The 2008 agreement committed both countries to hold referendums on whether to accept the jurisdiction of the International Court of Justice in the dispute. The recent amendment allows for both countries to hold referendums separately. The original 2008 agreement called for simultaneous referendums.

Organization of American States General Secretary Jose Miguel Insulza said the territorial dispute between Guatemala and Belize is “one of the most important tasks of the Organization and one to which we have assigned the highest priority in the General Secretariat.”

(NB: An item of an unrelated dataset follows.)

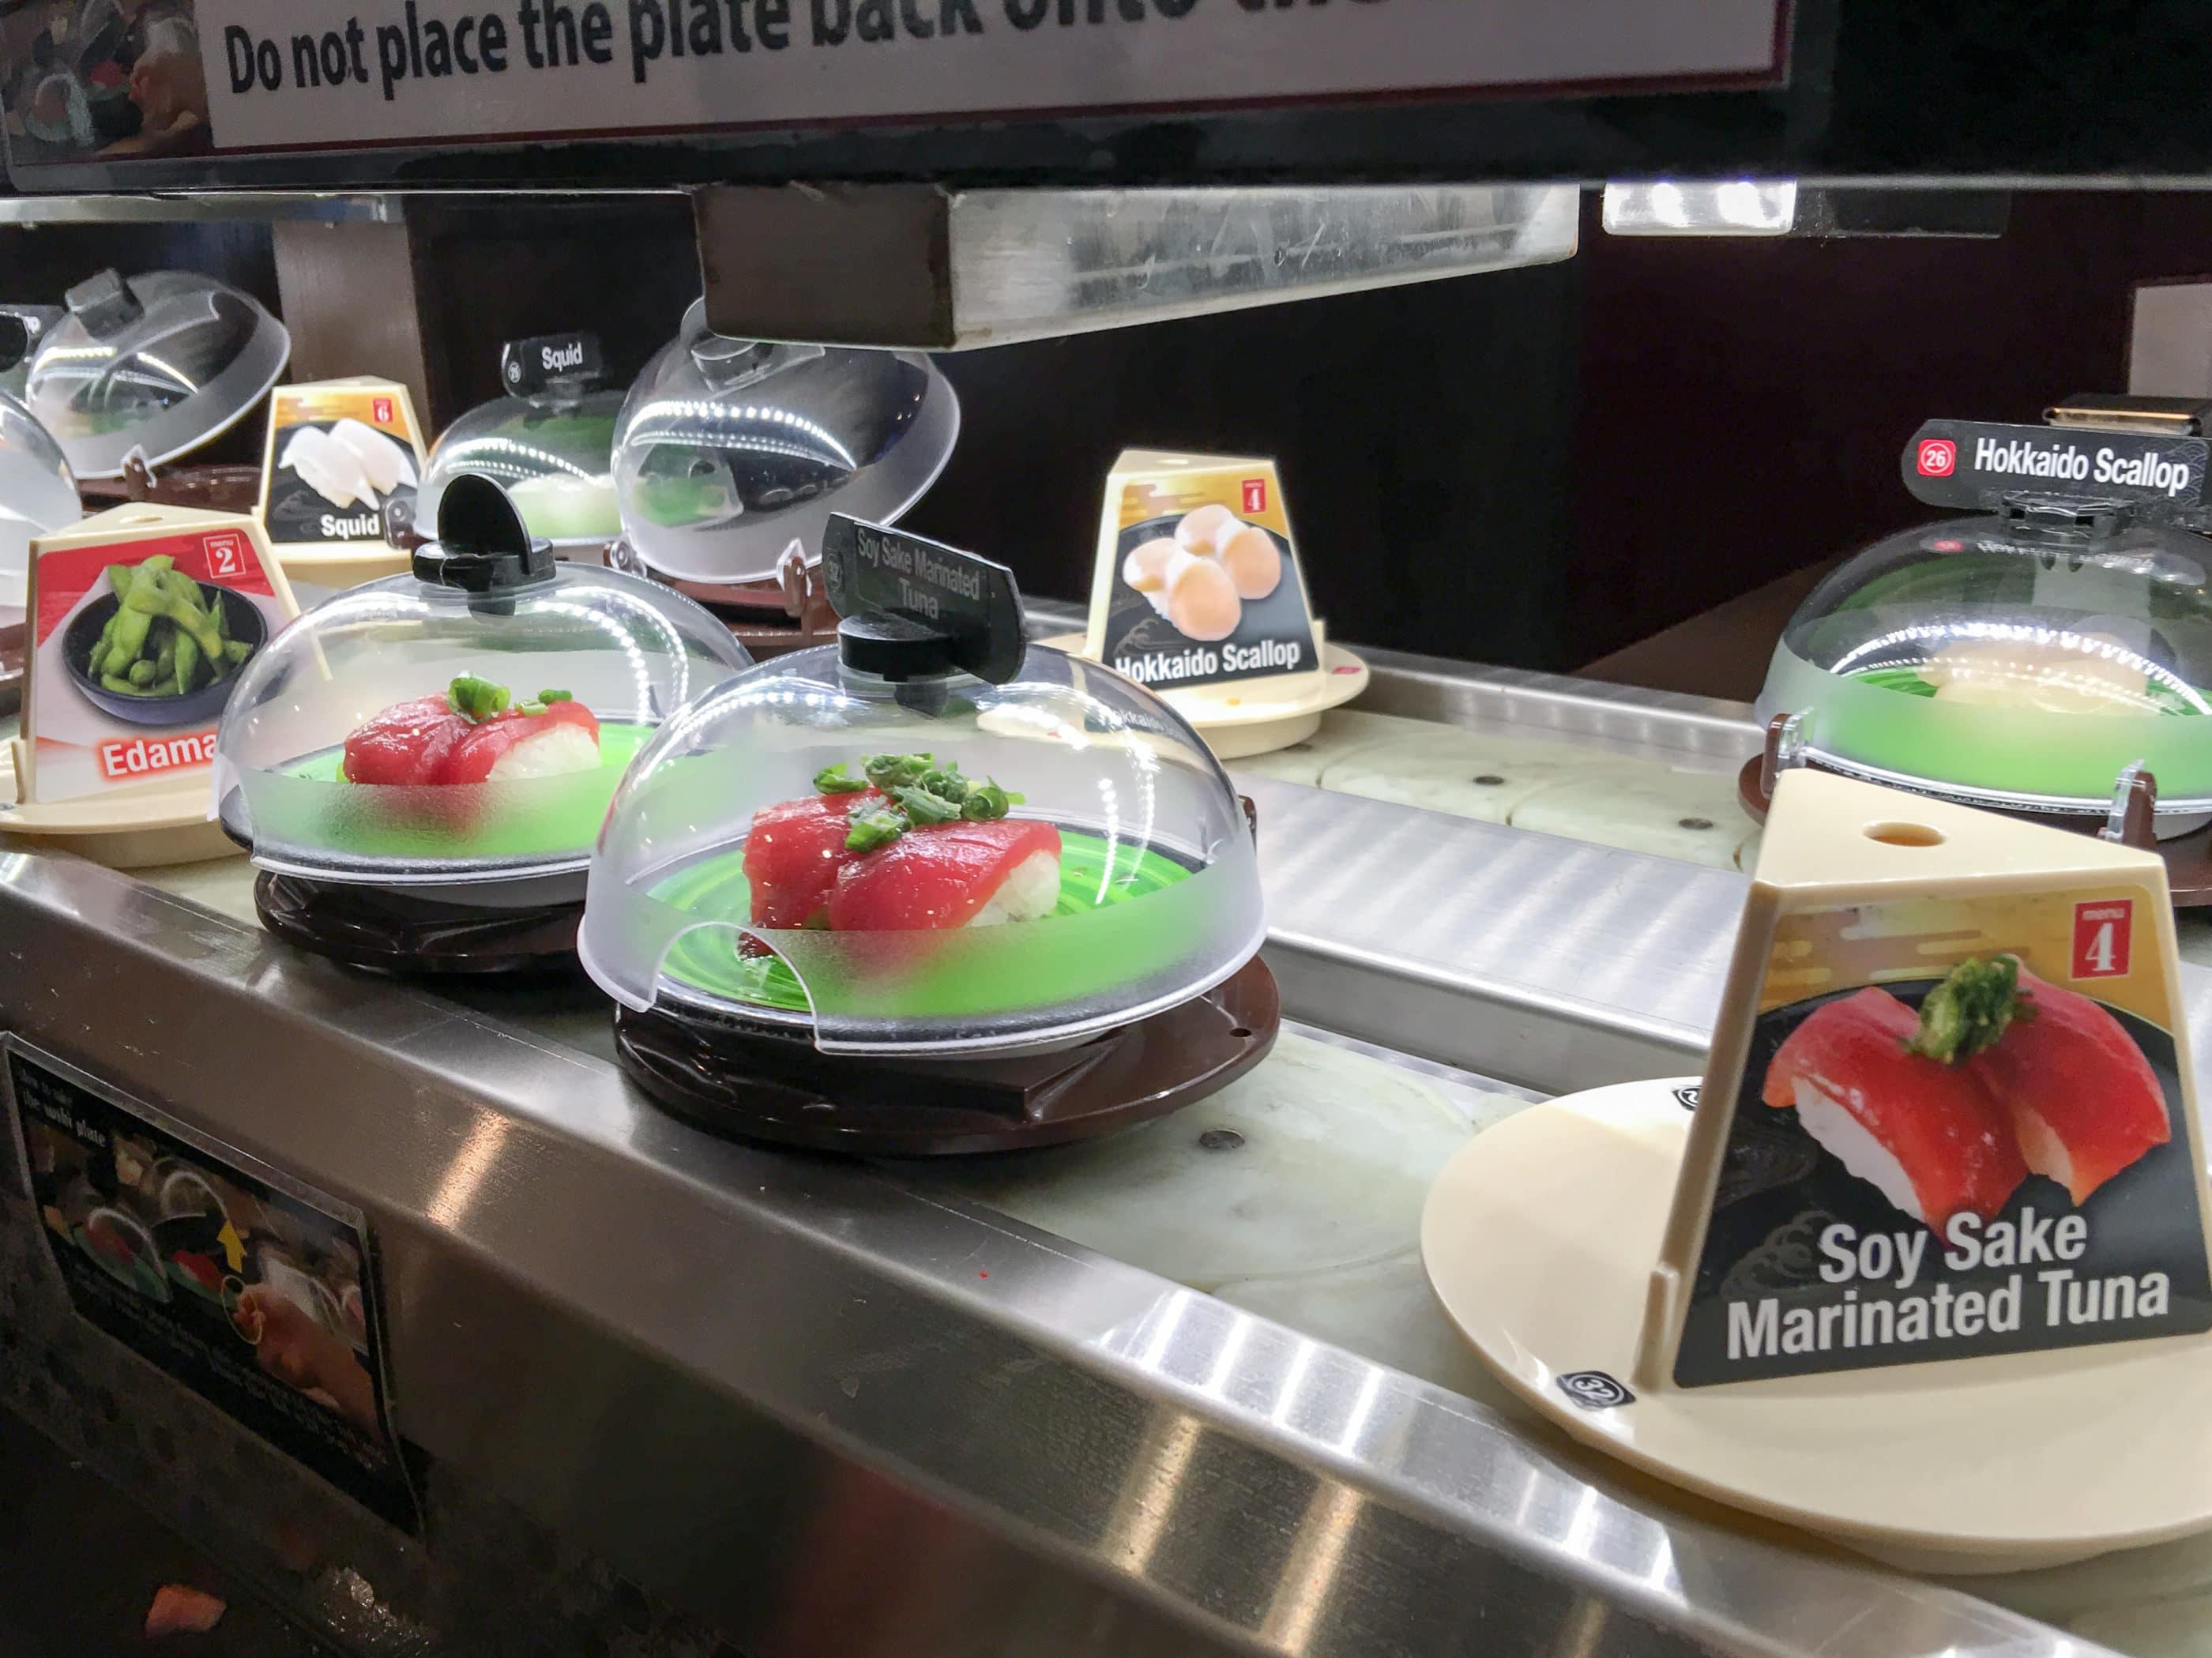 Tuna nigiri sushi under domes travels across a conveyor belt at Kura Sushi in San Diego.

The signing took place at the headquarters for the OAS in what was one of Jose Miguel Insulza’s last acts as secretary general before Luis Almagro took the reins the next day.

Although the countries made significant progress, a consensus was not reached on the issue of maritime boundaries.

Meanwhile, according to Channel 7 News in Belize, in the run up to Guatemala’s November elections, a political newspaper ad incorrectly labelled Belize as part of Guatemala.

Historically, relations between the two countries have been tense. Guatemala has claimed Belize as part of Guatemala in part or in whole since 1940. This claim is based on Guatemala’s interpretation of a treaty from 1859 with Britain as well as claims that date back to 15th century Spanish conquests.

It took Guatemala 10 years to officially recognize Belize after Belize gained independence from the U.K. in 1981.